Written By kolimtiga on Sabtu, 22 Desember 2012 | 22.25

When Tony Tolbert turned 50 last year, he marked the occasion by moving in with his mother.

The decision wasn't about money. He's a Harvard-educated attorney, on the staff of UCLA's law school. And it wasn't because his mother wanted or needed him home.

It was Tolbert's response to the sort of midlife milestone that prompts us to take stock. Instead of buying a sports car, he decided to turn his home — rent free — over to strangers.

He'd been inspired by a magazine article about a family that sold their house, squeezed into a tiny replacement and donated to charity the $800,000 proceeds from the sale.

"It just struck me how powerful a gesture that was," Tolbert said. "It challenged me to think about what I could do, where I might have some overflow in my life."

His overflow was a modest home on a quiet tree-lined street a short walk from Crenshaw Boulevard. He'd lived there alone for 10 years.

Last January, he moved out and a young single mother with three little children moved in. A South Los Angeles domestic violence program chose the family from its shelter and brokered the deal.

He agreed to let her pay one dollar a month, and imposed on her only one rule: "Whatever has to happen to keep things drama free, that's what I need you to do."

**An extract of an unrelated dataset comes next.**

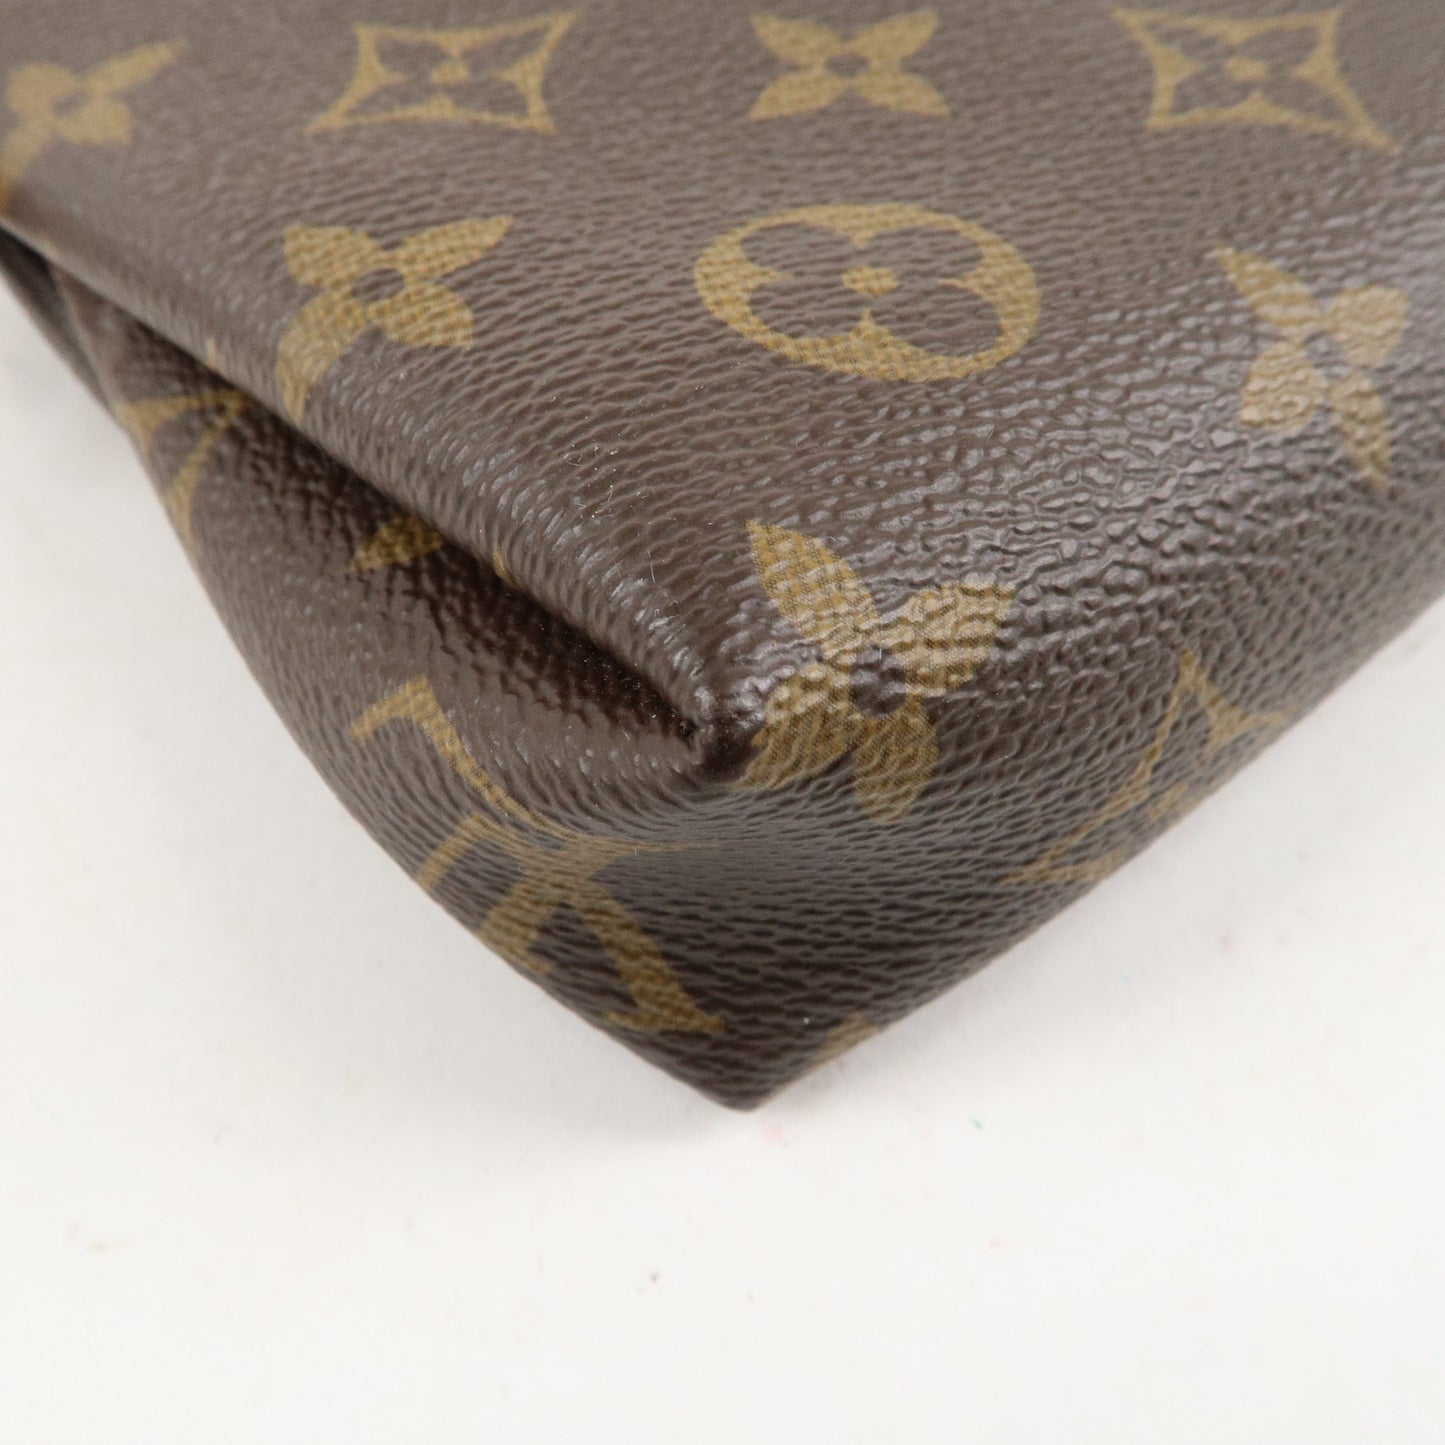 Louis Vuitton Monogram Pallas Clutch 2Way Shoulder Bag Pink M44037
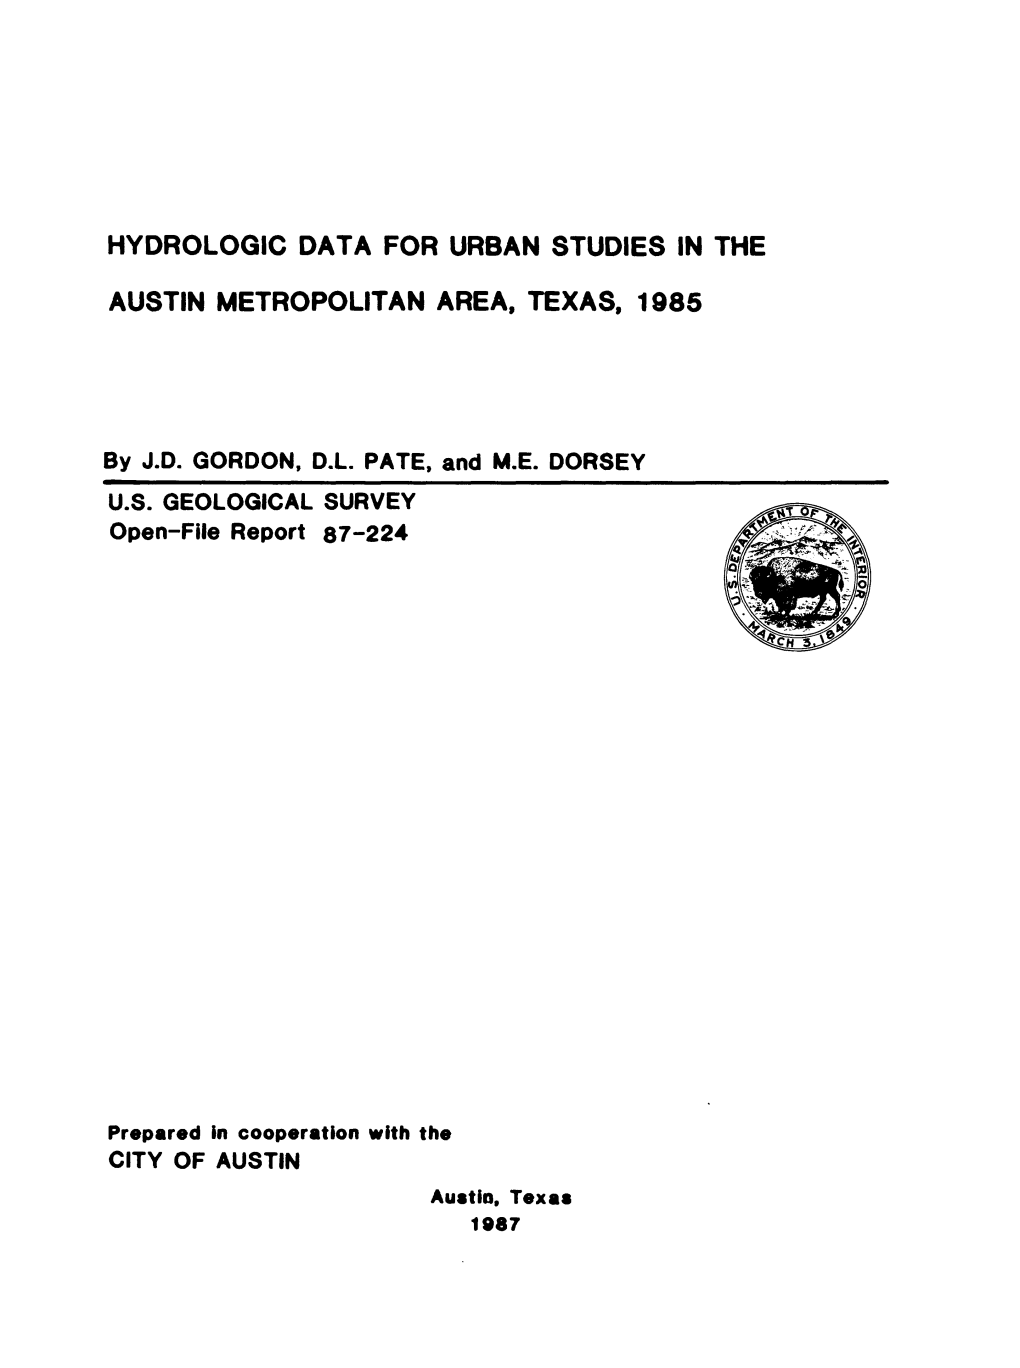 HYDROLOGIC DATA for URBAN STUDIES in the AUSTIN, METROPOLITAN AREA, TEXAS 1985 by J

When Tolbert first shared his story with me, he wanted me to write about it but not name him. He didn't want publicity. He just hoped that, since he'd gotten the idea from something he'd read, maybe someone reading my column would be inspired to … do what?

Let strangers take over their homes rent-free?

I figured he was either crazy, very rich or hopelessly naive.

That was last summer, when he didn't know himself how the experiment would work out. There were times, he said, when he wondered if his leap of faith had gone a step too far.

"A couple of friends said 'You're out of your mind.' But others said 'That's great.'"

His mother worried that he was being too trusting — and didn't exactly relish the idea of sharing space with her grown son for the first time in 30 years.

But he'd grown up in a family where sharing your blessings mattered.

So Tolbert left the good furniture for the woman who moved in. He didn't hide his grandmother's heirloom quilt or put away the fine art.

"I told her straight out, this is my home. I'm leaving these things for you to enjoy. I want you to be comfortable here."

That was a learning process for Tolbert: "It was a good exercise in not grasping and hanging on to stuff.... Short of them burning the house down, I had to accept that whatever they tear up, it can also be repaired."

And he had to accept that generosity and gratitude aren't always a matched pair.

"I had all kinds of preconceived notions about how this would play out. We would meet, she would be weeping, want to give me a big hug.... I had to learn to detach, not be attached to any particular outcome or course."